- _Data section_:
========================================
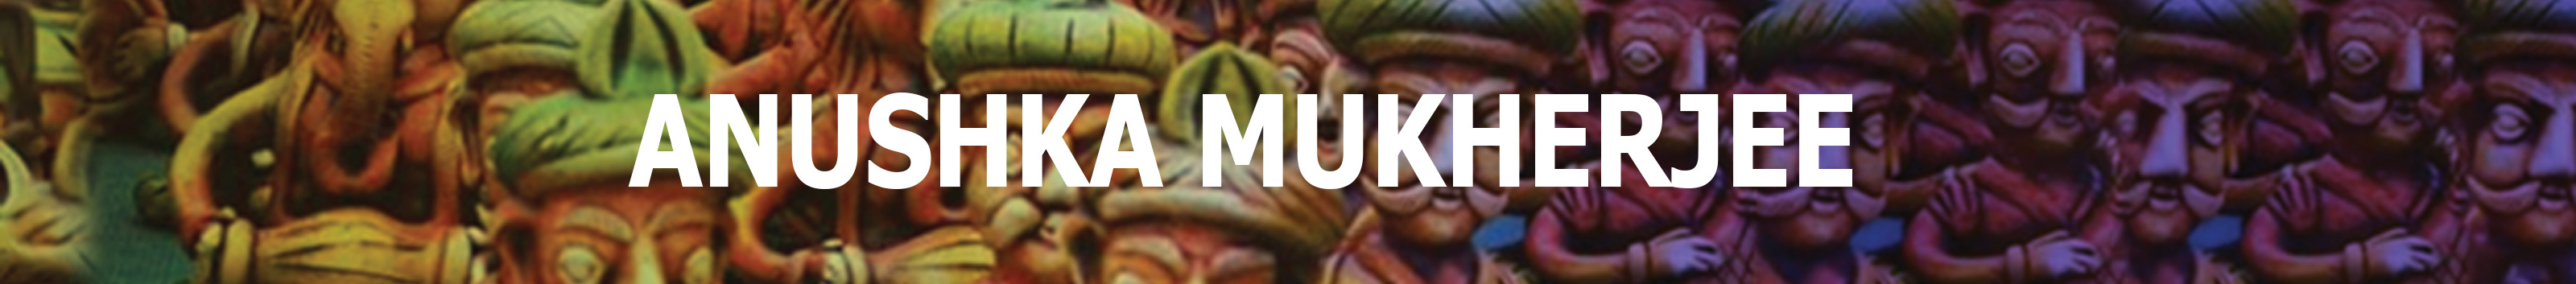 ANUSHKA MUKHERJEE's profile banner
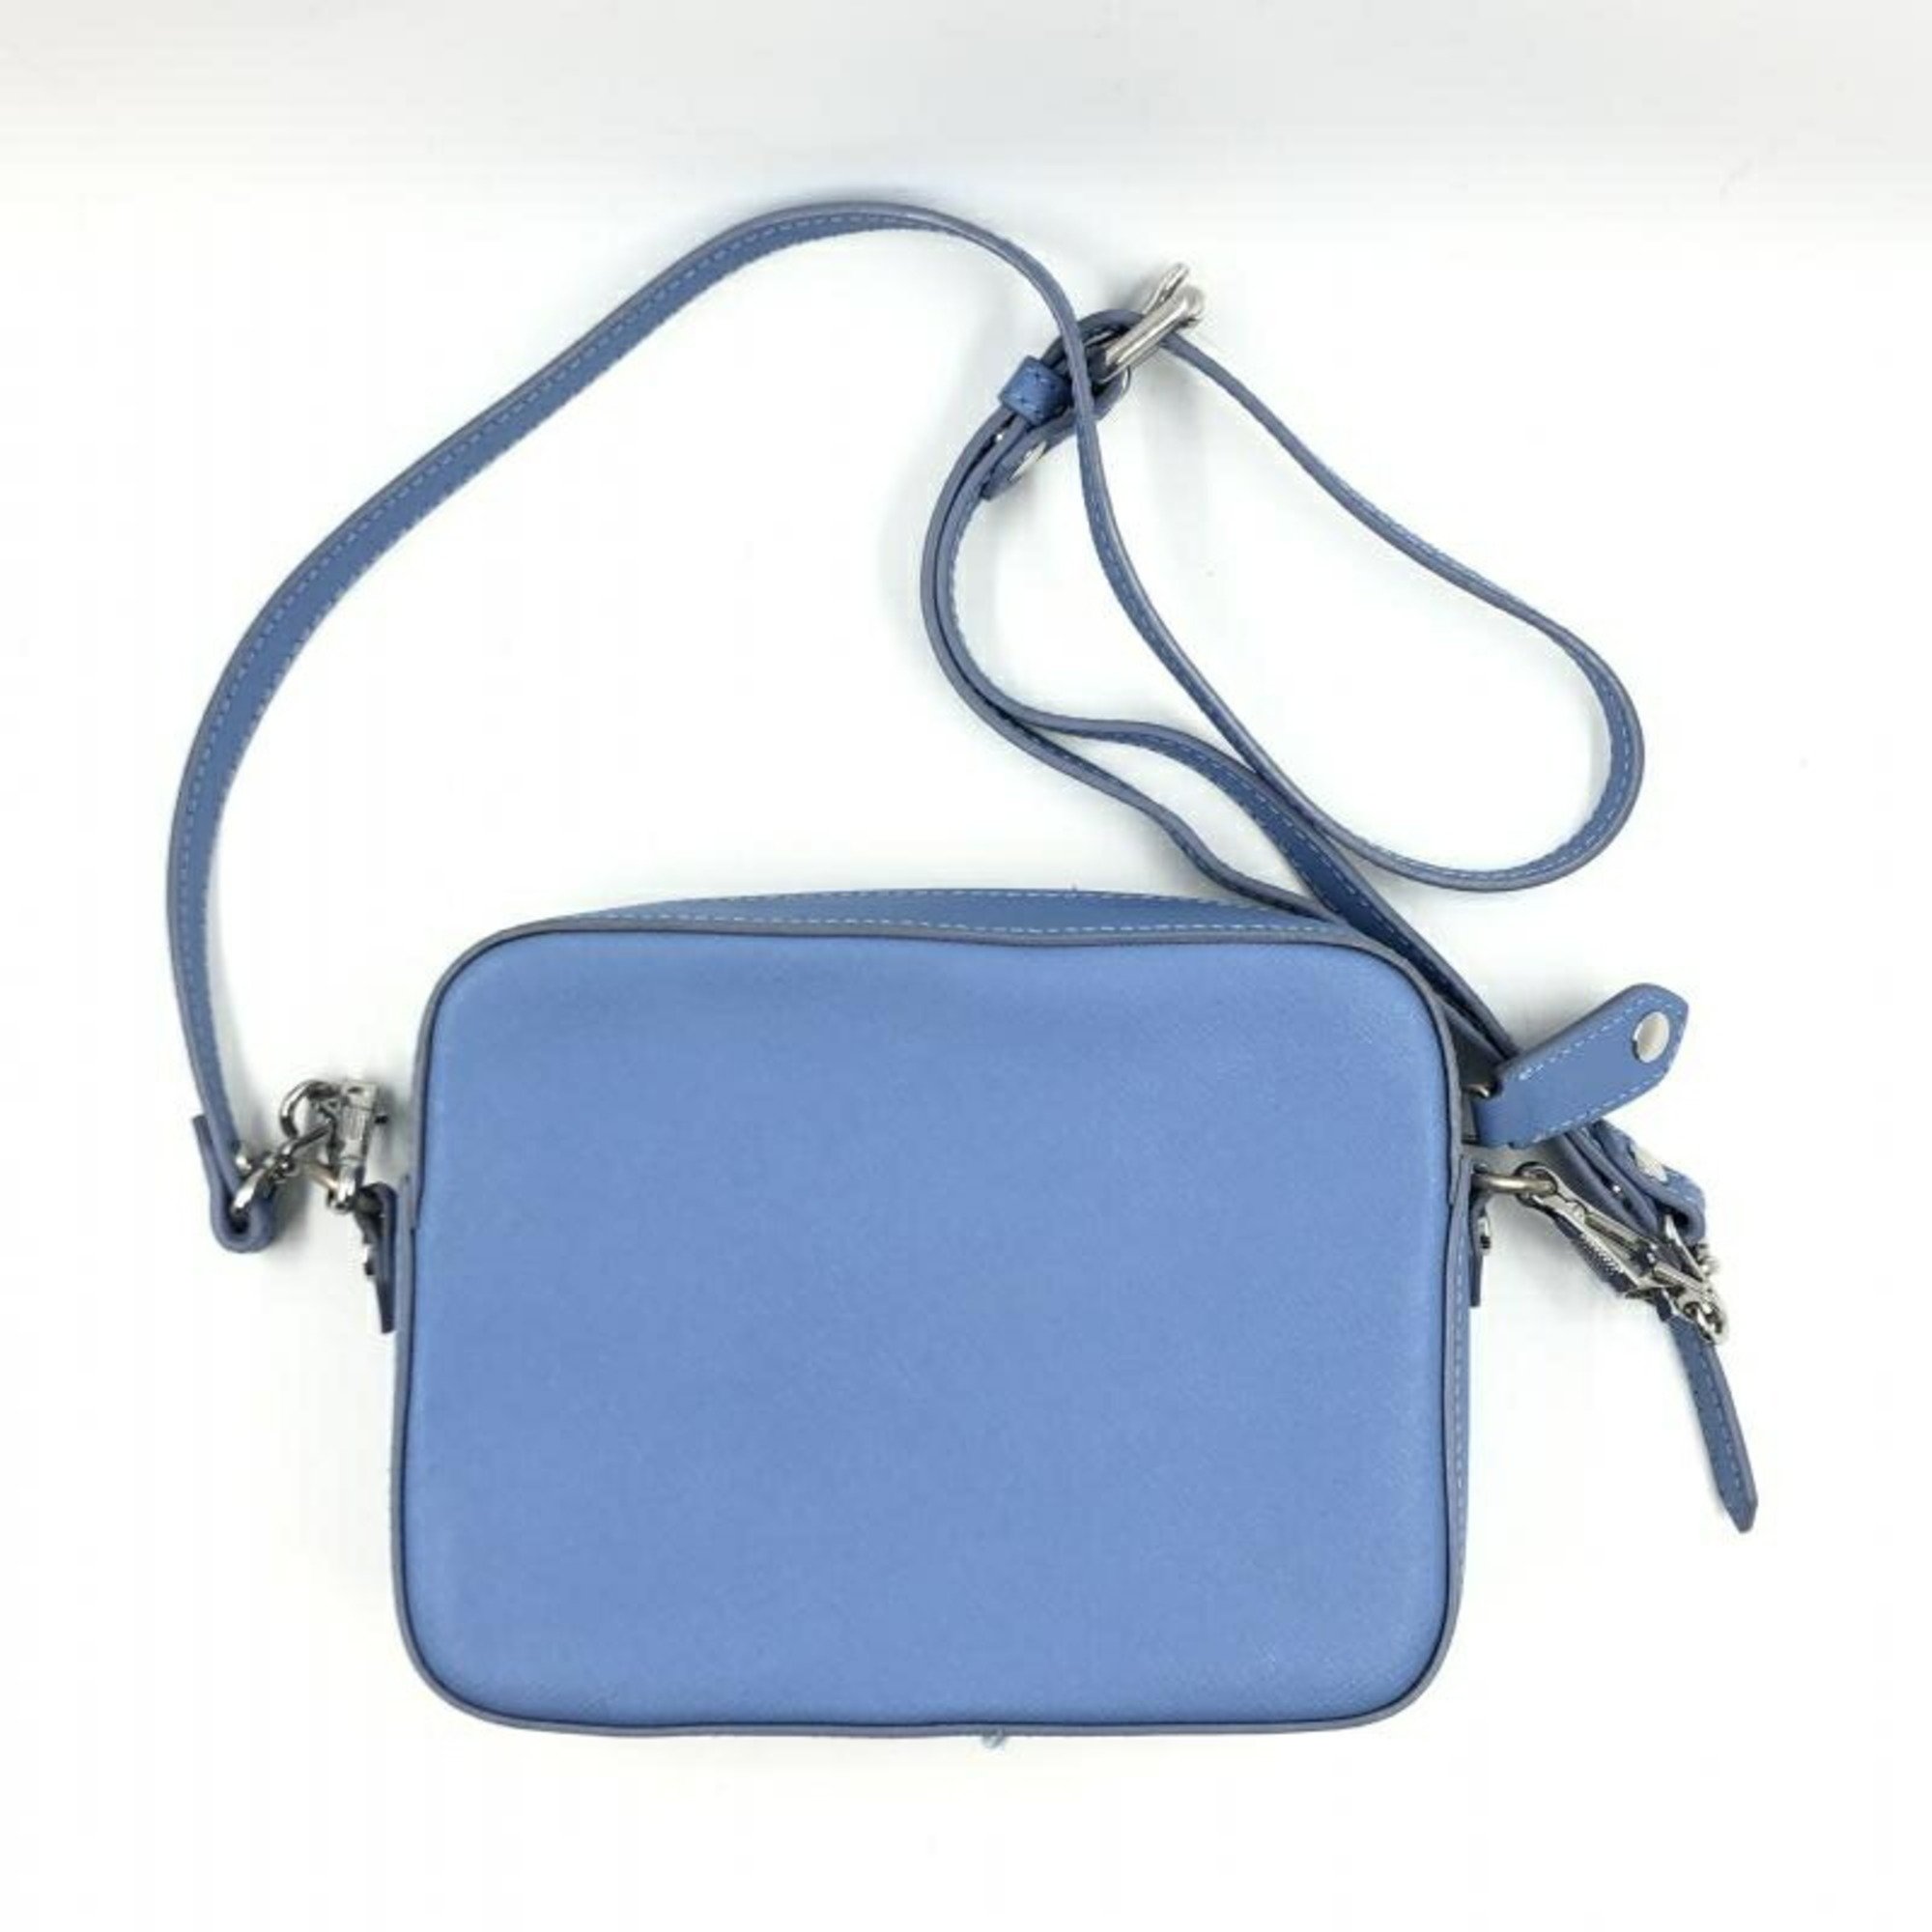 Vivienne Westwood Camera Bag Blue
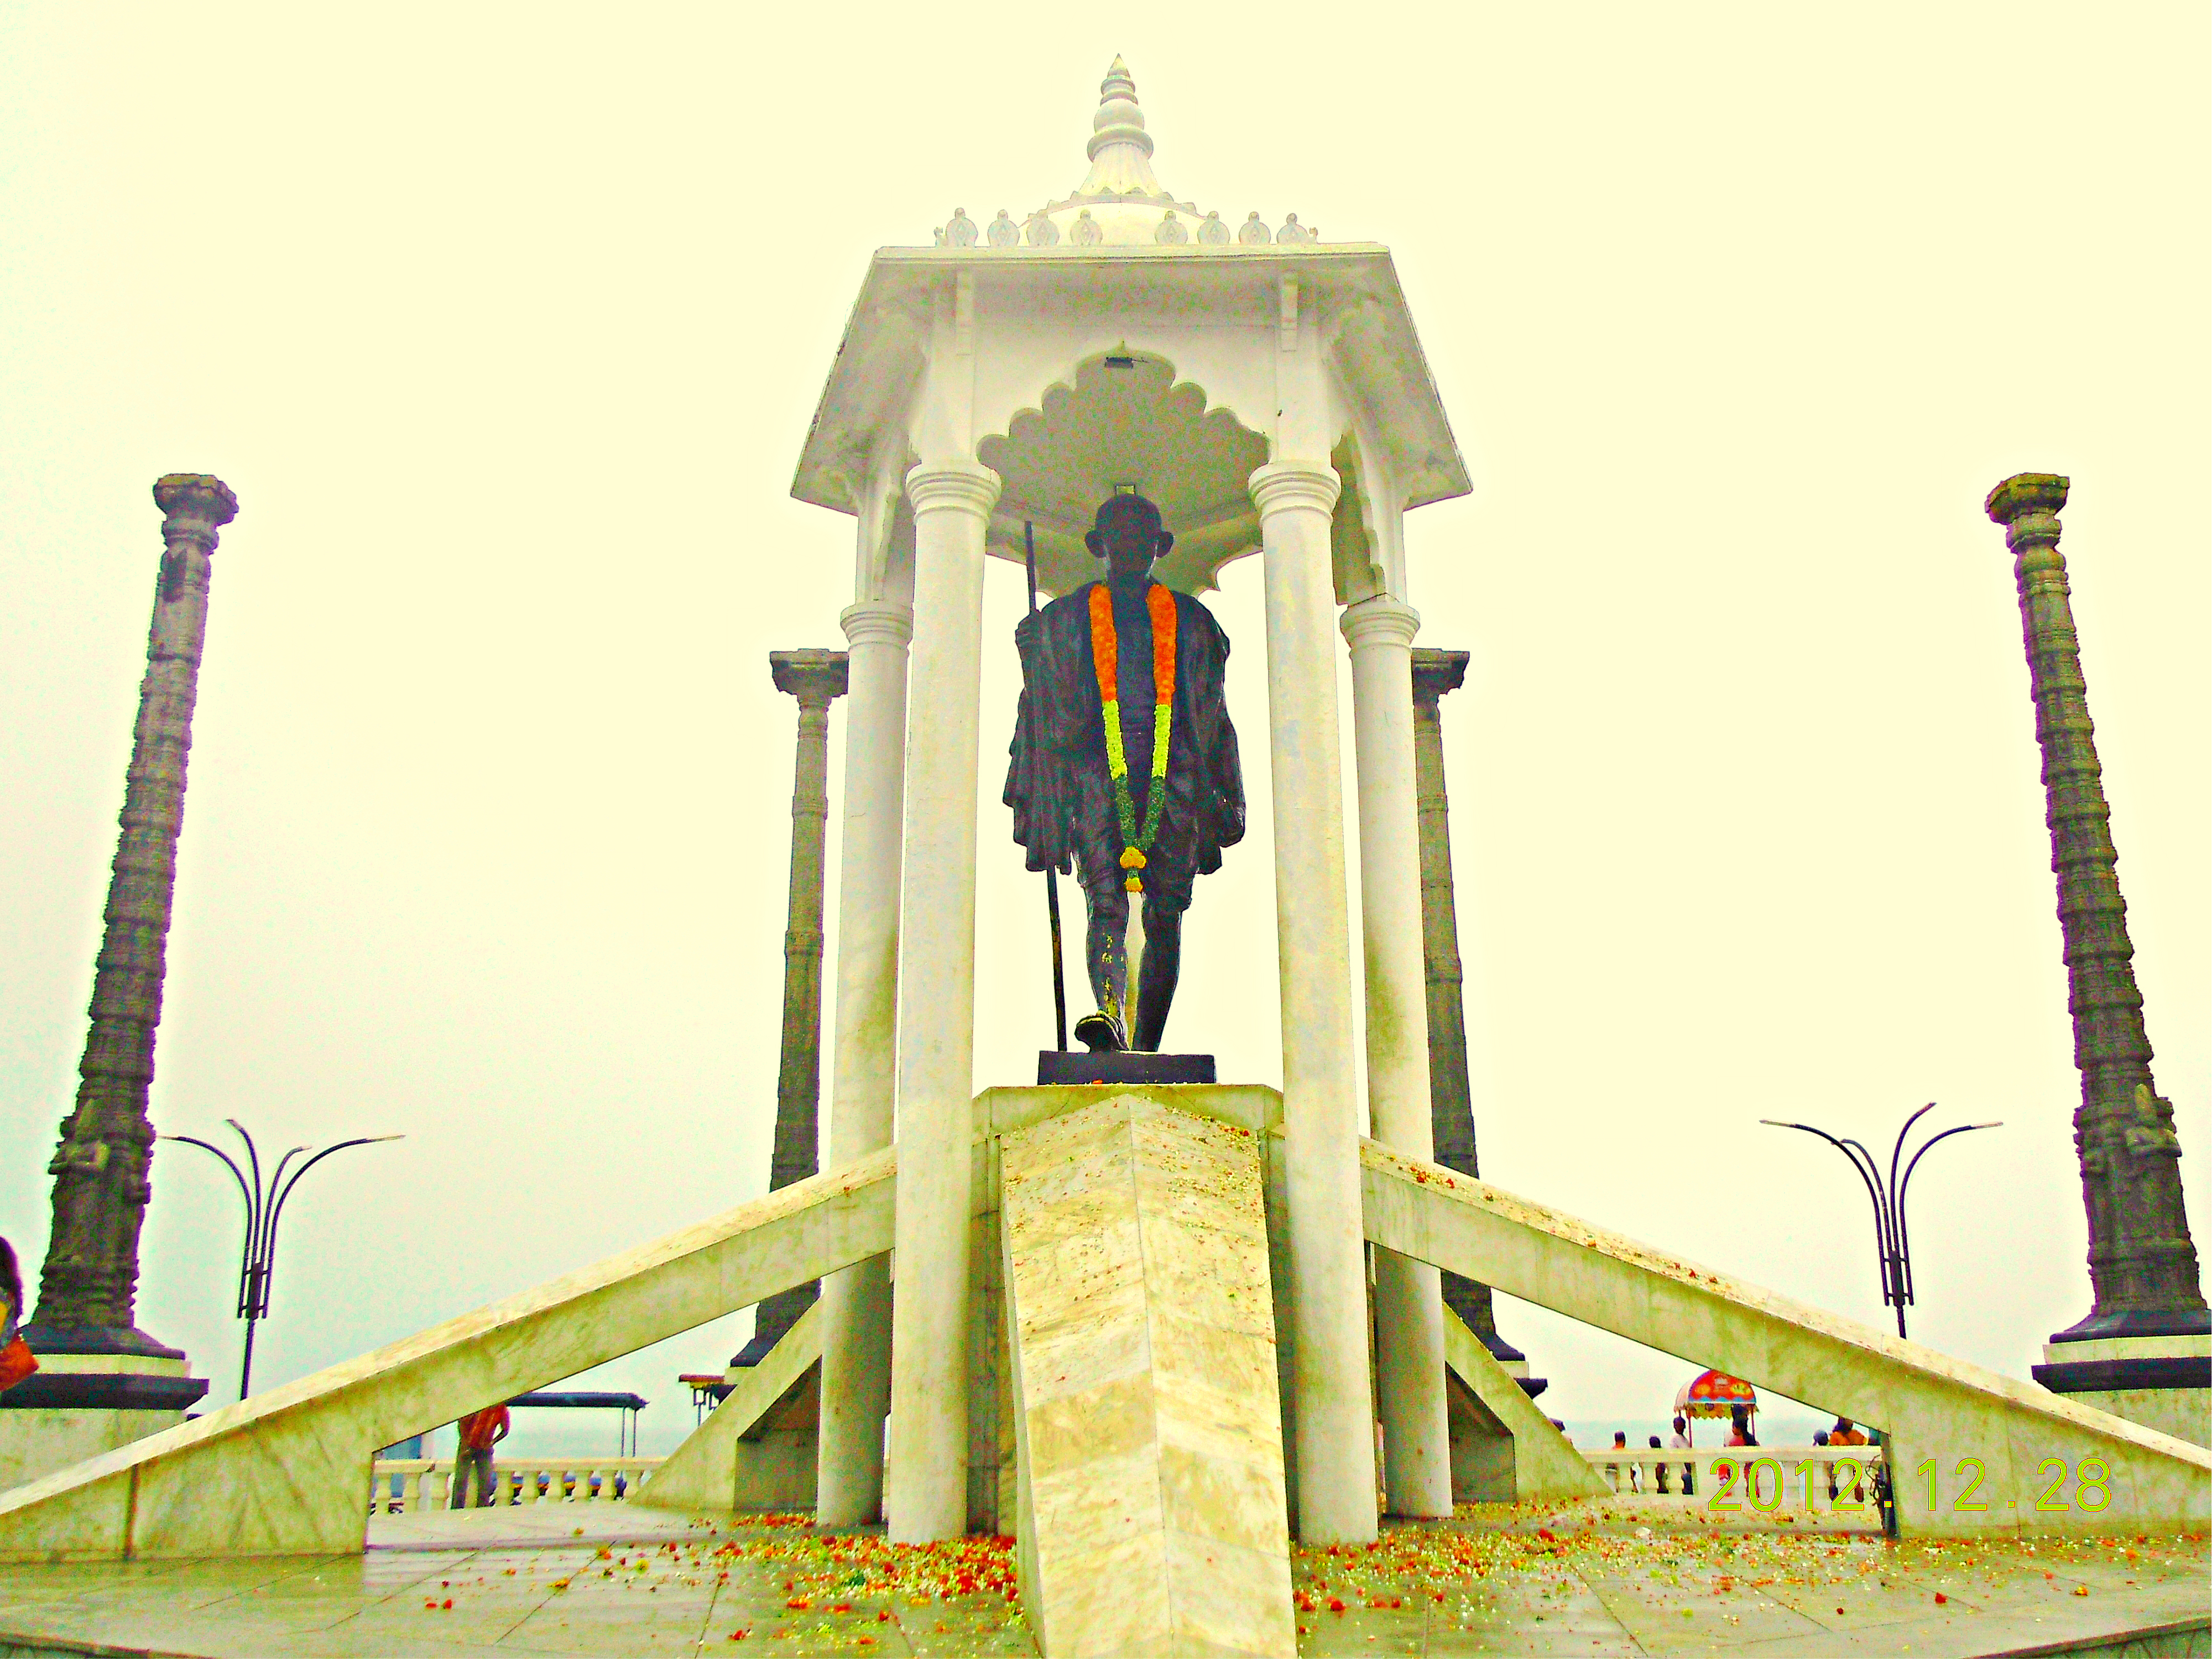 Gandhi statue on the Promenade
========================================
- _Task description_:
Take the lines from the one containing "Vivienne Westwood Camera Bag Blue" through the last line of the listing and repeat them exactly. Omit the pictures.

- _Solution for this exercise_:
 Vivienne Westwood Camera Bag Blue
 Gandhi statue on the Promenade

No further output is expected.